*Excerpted data*.
================
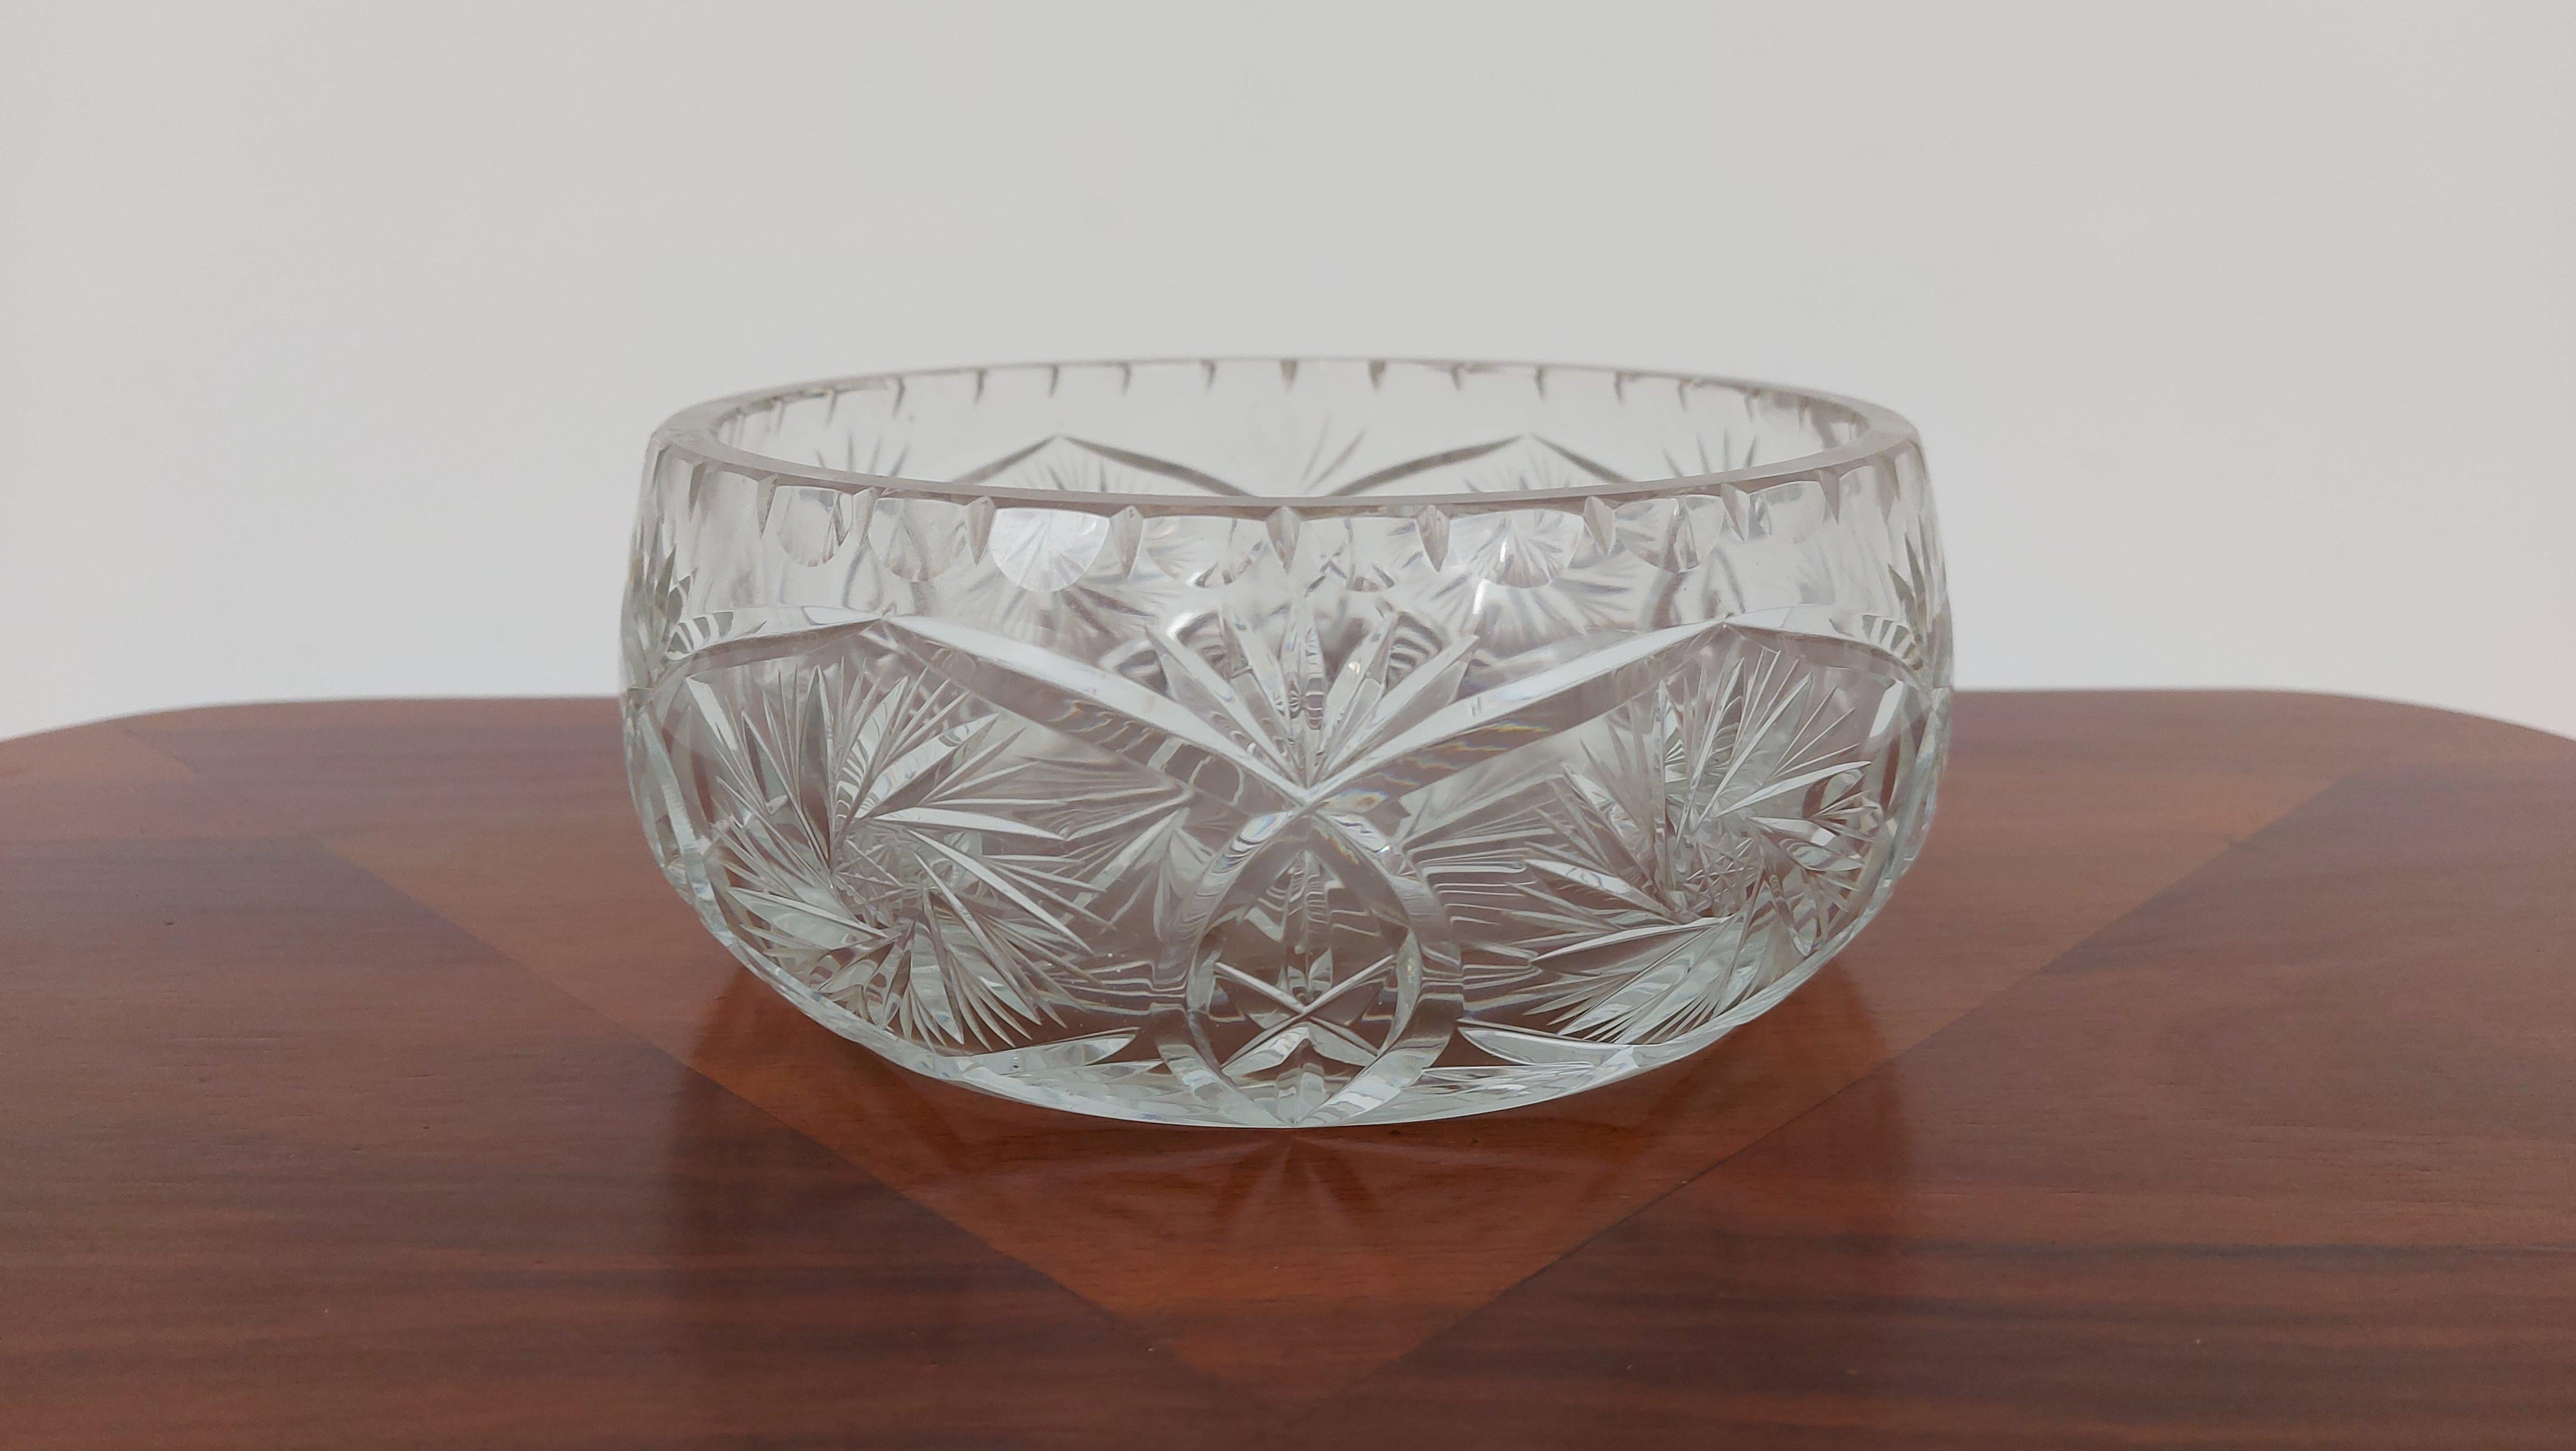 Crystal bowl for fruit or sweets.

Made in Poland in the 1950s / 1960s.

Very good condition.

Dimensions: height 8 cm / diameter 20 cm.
================
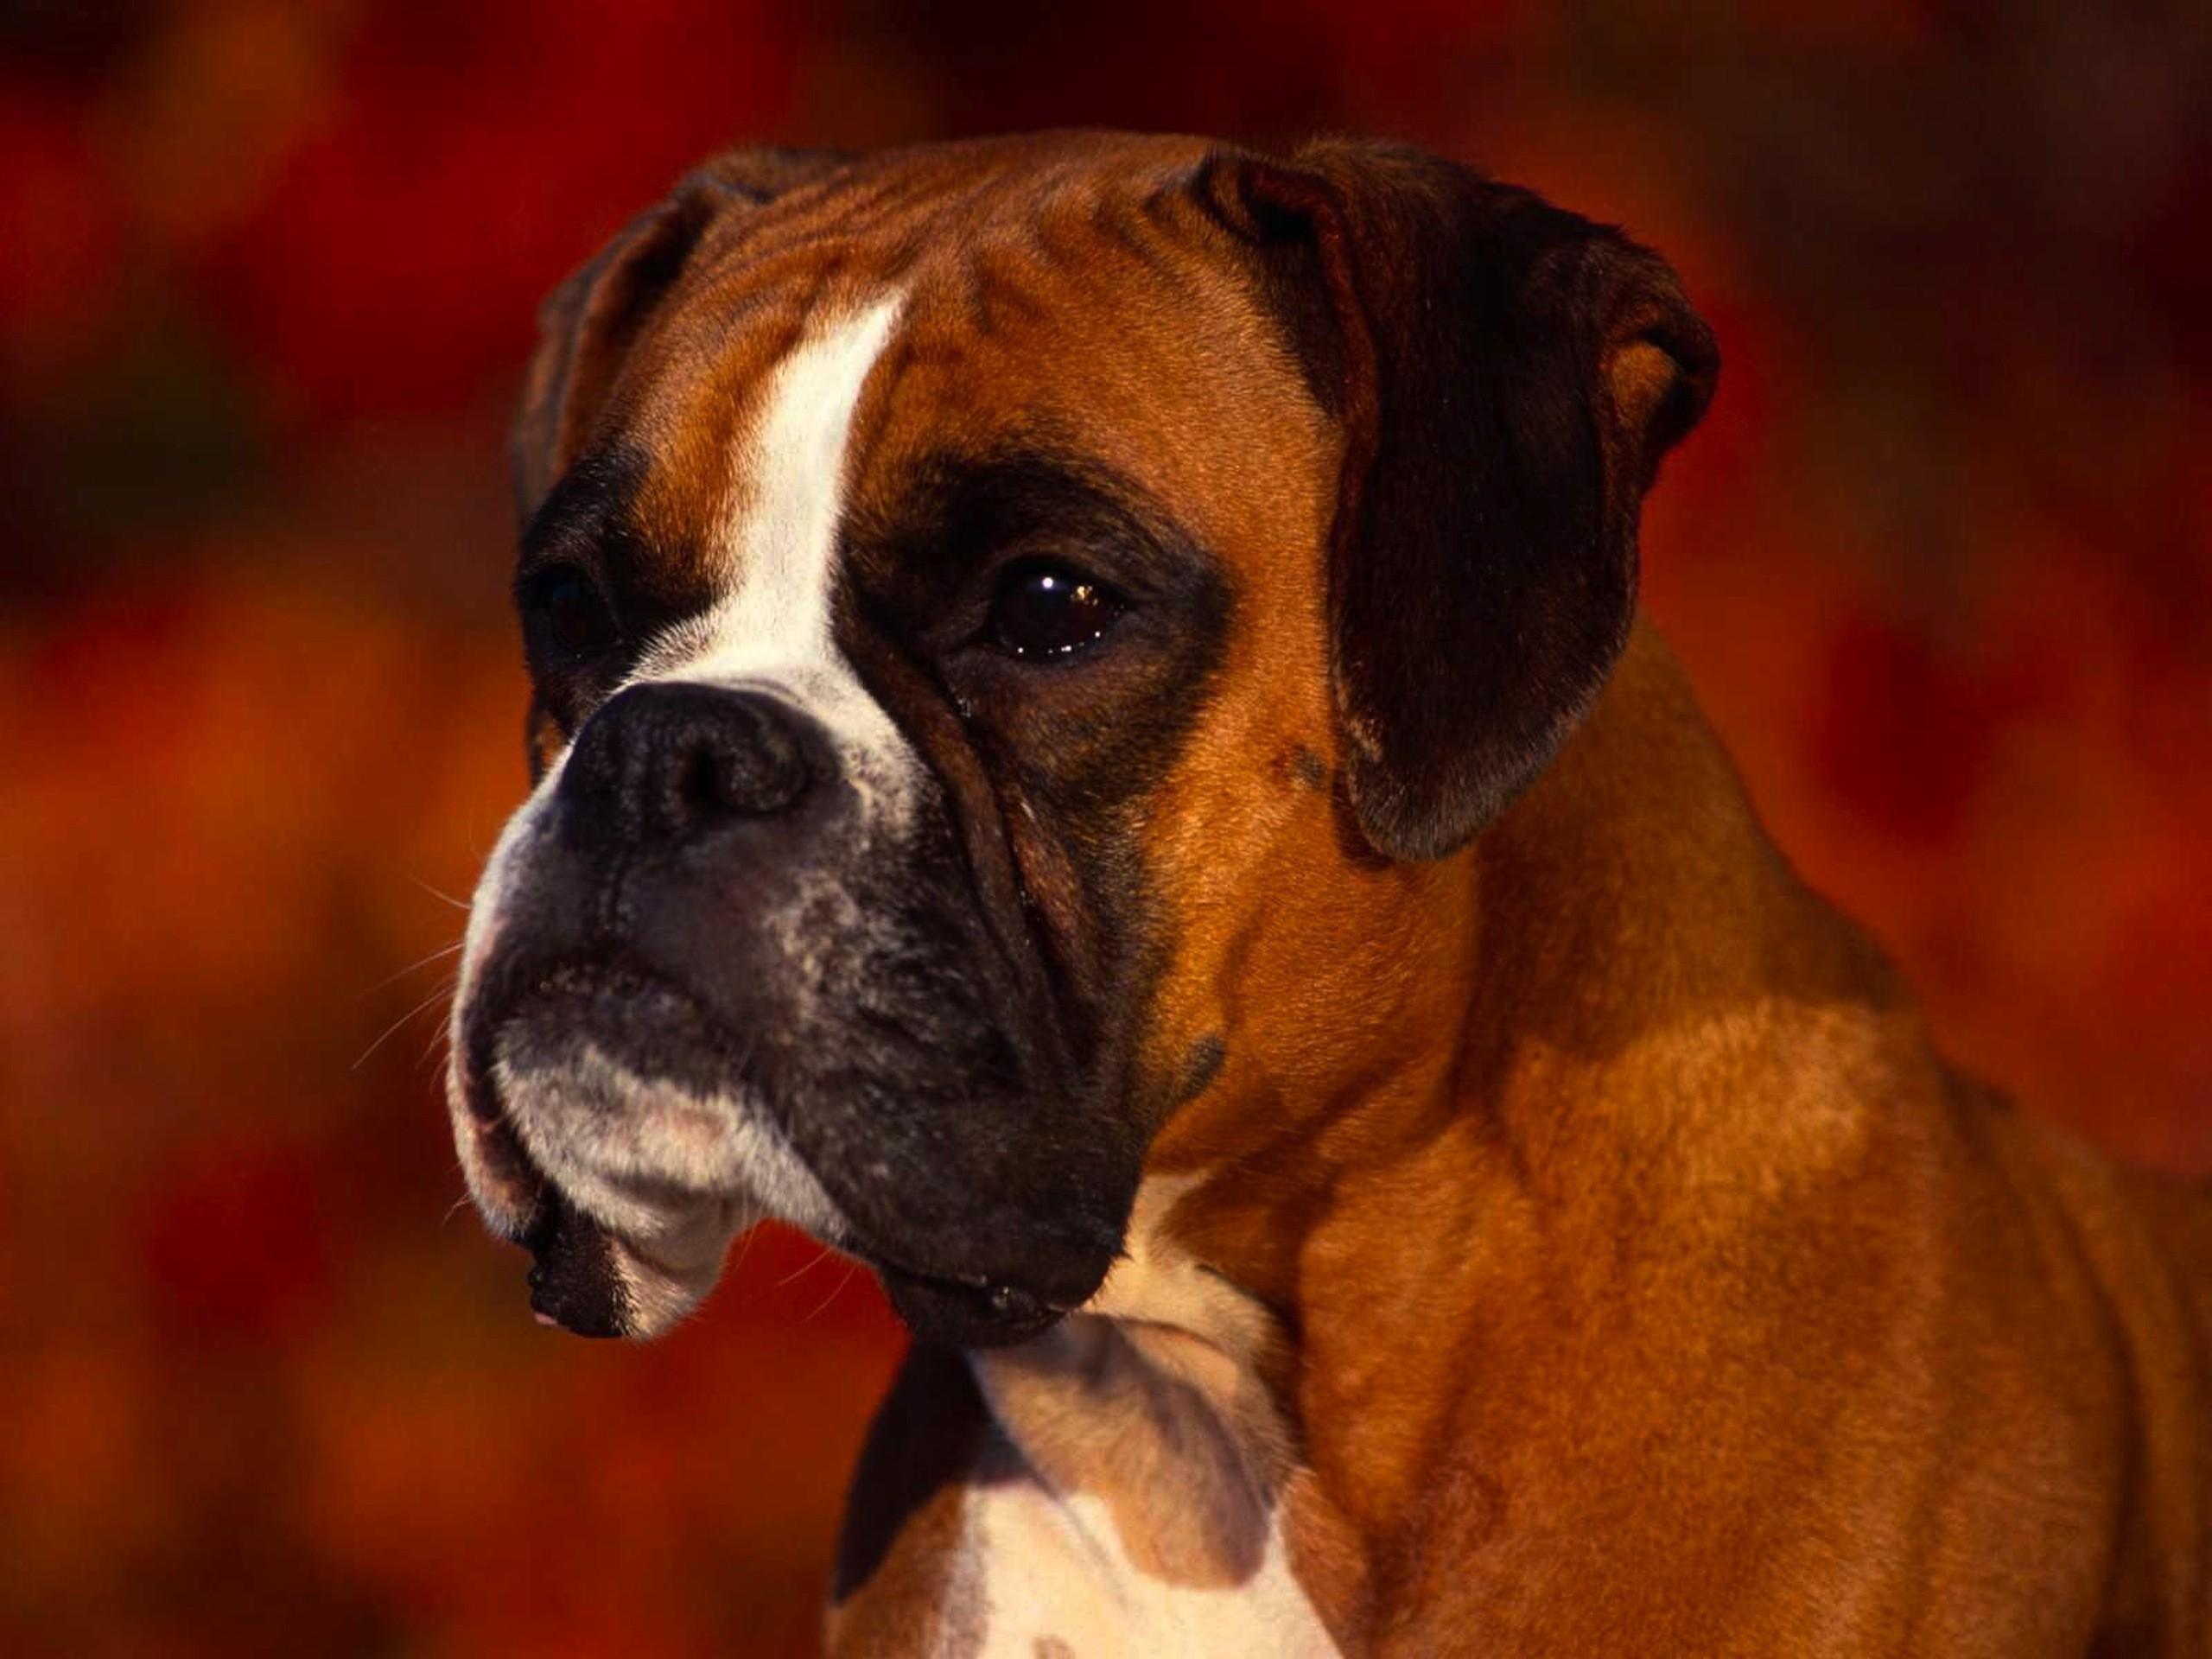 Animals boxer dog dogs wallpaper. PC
================
*Problem to work on*. Write down again, exactly as given, only the lines above that fall from the line with "Very good condition." to the line with "Dimensions: height 8 cm / diameter 20 cm.", inclusive.

*Written solution*.
Very good condition.

Dimensions: height 8 cm / diameter 20 cm.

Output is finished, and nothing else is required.